Review by Olivia Wedderburn
They’ve barely scratched the surface of the scene at the mere age of 2 years old but Unknown Mortal Orchestra are making waves in music with their psychedelic rock (presumably induced by psychedelics) and throwback to lo-fi reverbs of years past, snuggling neatly between the futuristic sounds of Blood Orange, Wild Nothing and John Maus. Anxiously anticipated II quenches the thirst for fans of “Ffunny Ffriends” with an album no one was quite sure was going to be made, and pushes the boundaries of the genre with a melodic journey reflecting on the slightly dark psychosis of front man Ruban Nielsen. Cockles are warmed almost instantaneously with slow melodic opening to the album, simplistic but powerful notes followed by a playful soft vocal accompaniment, a dream like sound with unnerving lyrics typical of Nielsen’s style in “From The Sun”. “So Good At Being In Trouble” is a morose tale hidden amongst funky guitar demonstrating that experimental sound UMO are famous for and is a welcome second contender to the albums running’s. II slips lucidly between experimental sounds, stripped down instrumentals and punchy lo-fi pleasantry. It’s appropriately dense in areas and simplistic in others, culminating in a musical gem. It almost ticks all the right boxes.

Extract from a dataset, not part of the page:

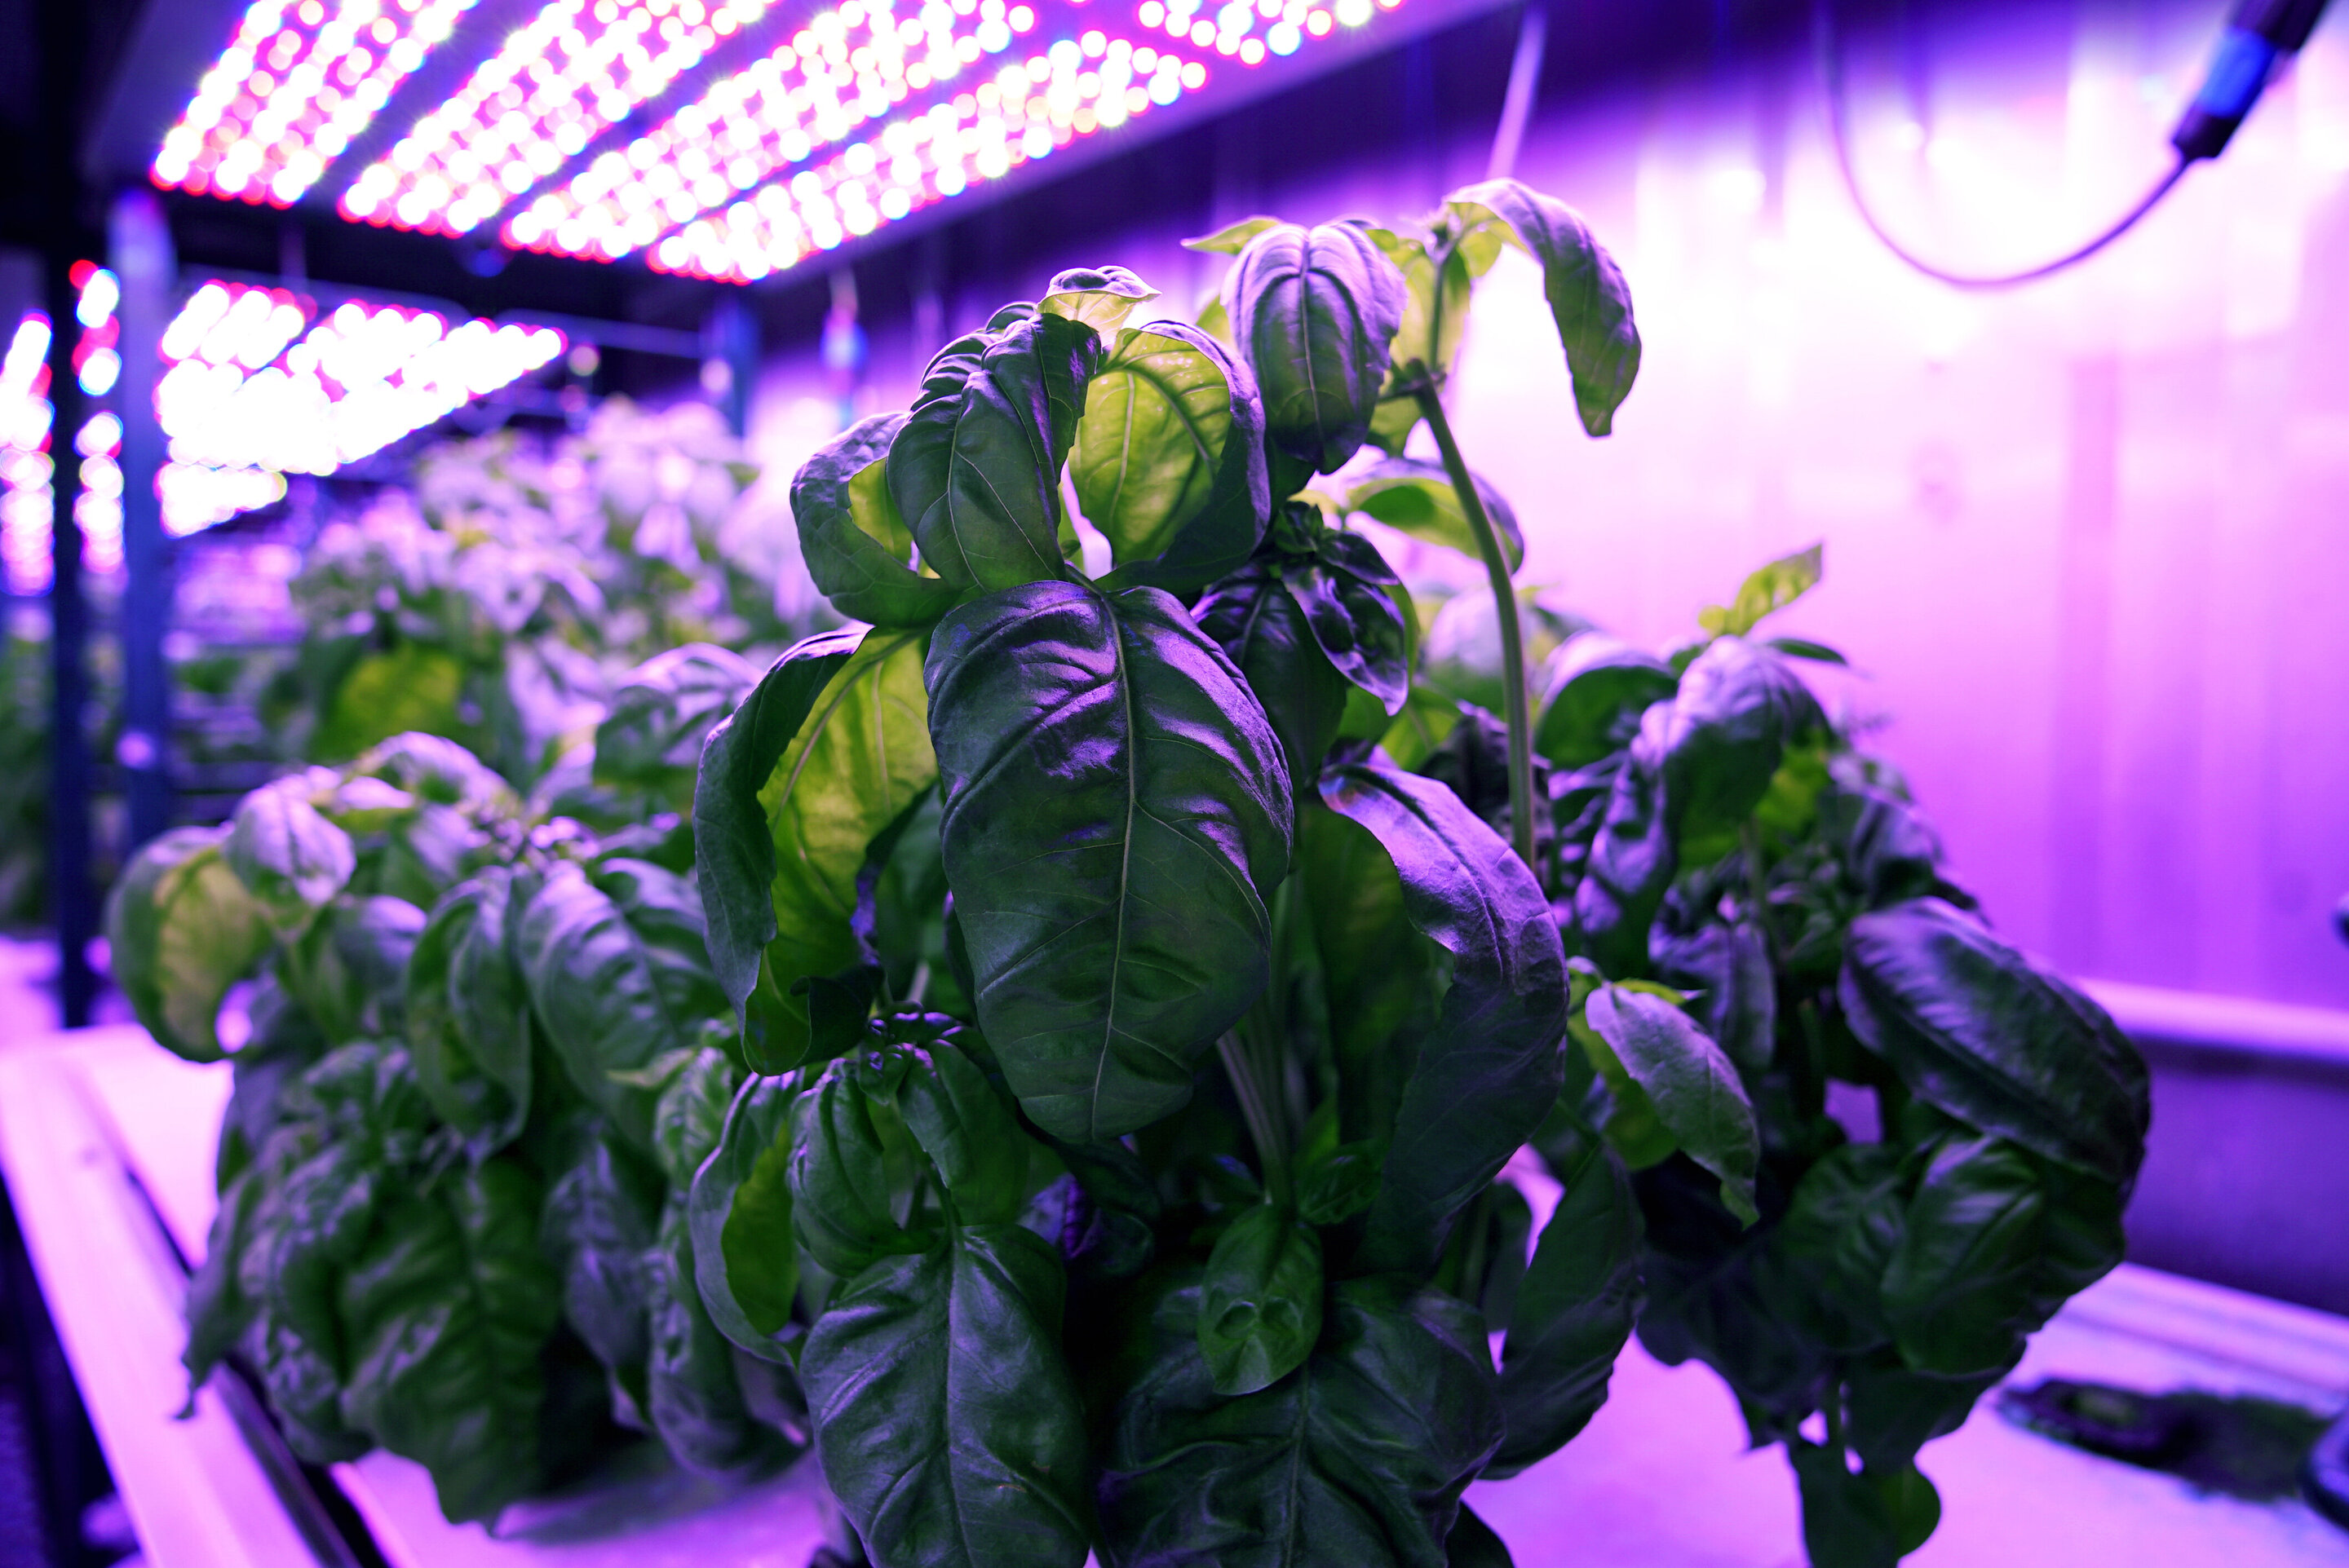 Agriculture: Machine learning can reveal optimal growing conditions to  maximize taste, other features

Highlights such as “The Opposite of the Afternoon”, a lengthy sixties style track that comes in half way through the album, and “One at a Time”, the song prior, show the bands innate ability to be versatile without alienating its core sound, and are welcome amongst some other tracks which, while essential to the story UMO are trying to tell via II, can get lost a bit amongst the weightier numbers. “Dawn”, a short and entirely instrumental piece, brings you almost as into a coma as a follow on piece from the relaxing “Monki”, and made me feel like I’d been up all night and it was time for bed. It’s the kind of song I’d put on to try and get everyone to fuck off out of my living room, which perhaps why it is followed by “Faded in The Morning”, aptly titled. The sensitivity of the bands style shines through in this album, full of melodic key changes and soft reverb, “Swim and Sleep” best demonstrates this, capturing what bought in UMOs cult following in the first place.
Unknown Mortal Orchestra have made a successful come back and I’d be really interested to see them pulling this album off live, though its ethereal sound sometimes didn’t sit quite well with me. Very much deserving of its place in its genre, I feel that this album will gradually grow on the listener, with the talented works of the individuals behind this collaborative becoming more accentuated with each try. Though II is short, it is packed with fast-fingered guitar, an uncut edge and beautiful songwriting, propelling it into the heats of UMO fans everywhere. Certainly not everybody’s cup of tea but a triumph at spanning across genres and creating their own home there, with Kinksesque vibes cutting through Ariel Pink sounds, and a very worthy debut into 2013.